= Karen Ludwig (actress) =

American actress, director, and teacher (born 1942)

Karen Ludwig (born October 9, 1942) is an American actress, director, and teacher.

A native of San Francisco, Ludwig attended San Francisco State College for a year, then moved to New York in 1963.She continued her education at the Neighborhood Playhouse School of the Theatre there. She studied with Uta Hagen and went on to direct ‘Uta Hagen’s Acting Class(2 part DVD). She performed for two years at the Pioneer Playhouse in Danville, Kentucky.
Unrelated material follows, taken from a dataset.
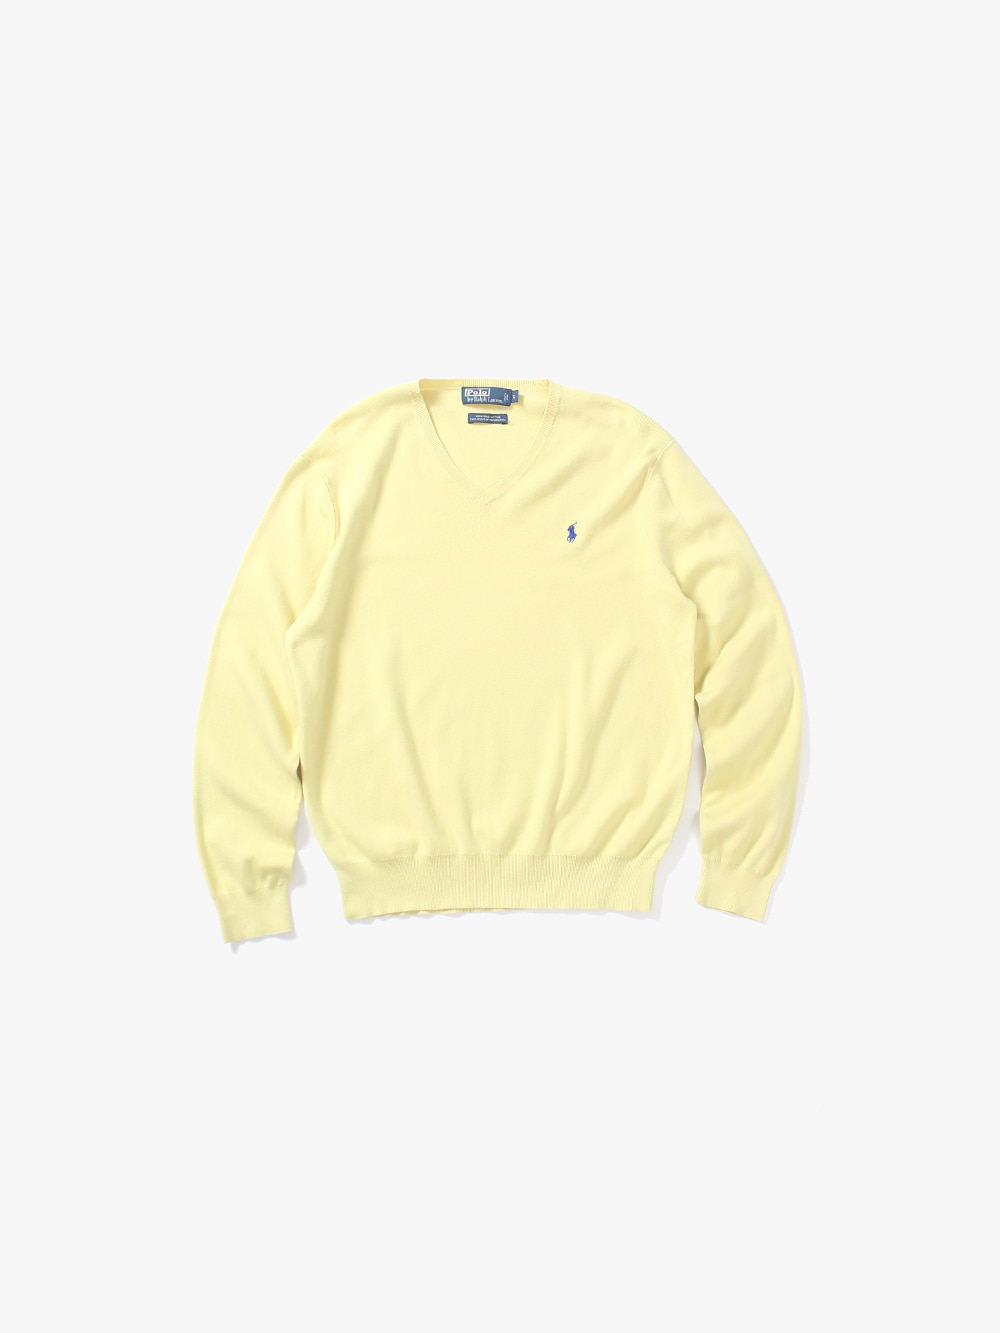 [ L ] Polo Ralph Lauren Sweater (6277)

On Broadway, Ludwig acted in The Devils (1965), The Bacchae (1980), Broadway Bound (1986), and Prelude to a Kiss (1990). She was a member of Andre Gregory's Manhattan Project theatrical company, performing across Europe and the United States in Our Late Night and The Seagull. Ludwig's film debut came in Manhattan where she played Meryl Streep’s lover. She also was in ‘Stanley & Iris’ with Robert deNiro & Jane Fonda, That Awkward Moment and Thirteen Days. Television programs on which she acted include Citizen Cohn, ER, Judging Amy, Law & Order, and Party of Five.
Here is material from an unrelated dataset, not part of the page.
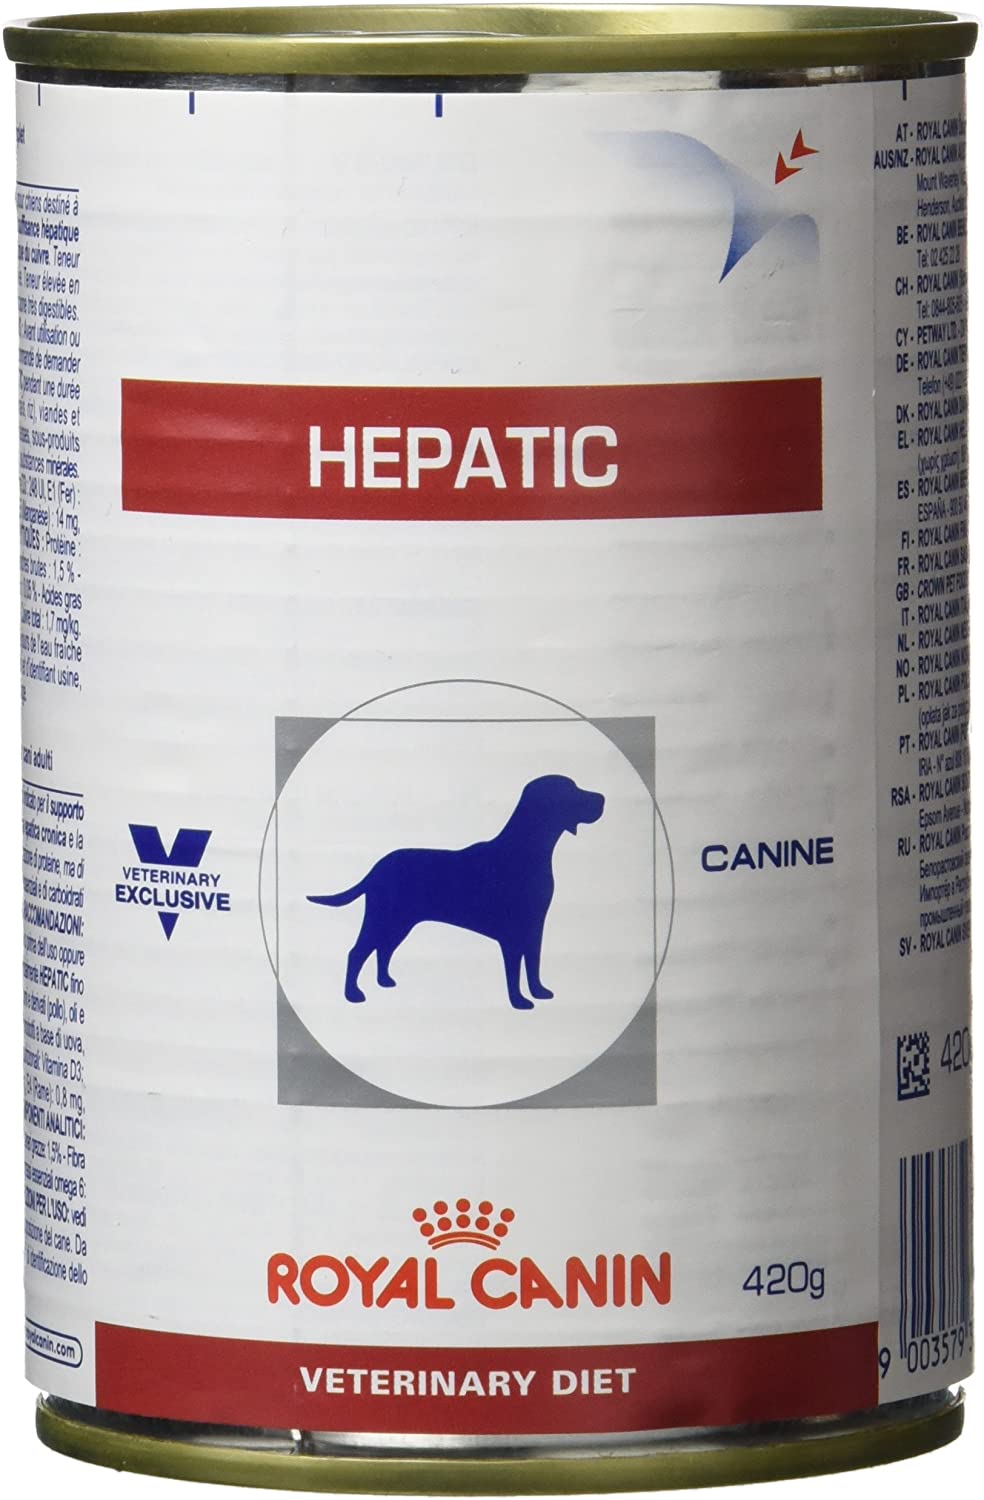  Royal Canin C-11399 Diet Hepatic Hf16 - 420 gr

Ludwig has been the director of plays at Circle Repertory Company, Ensemble Studio, The HB Playwright's Theater, NYU School of the Arts, and Theater for the New City. She also wrote and directed one-act plays at The HB Playwright's Theater and Third Stage in Stratford, Canada. She wrote and performed in the autobiographical play Where Was I? in Theatre 54 at Shetler Studios and Joe’s Pub in 2015. Her work behind the camera in film includes directing and writing the short film The Good Stuff.

For seven years, Ludwig taught acting and directing at NYU Film School and USC School for Cinema/TV. Her other activities in education include Word of Mouth (a project in which she directed women in creating their own work) and teaching at Lee Strasberg Institute and Weist-Barron School of Acting. She has also led workshops on "The Power of Communication and Collaboration". She is faculty for 15 years at the School of Drama at The New School and at HB Studio, both in New York. In the late 1980s, she taught a course for female lawyers, helping them to learn to show more emotion as a way of being more effective in court sessions.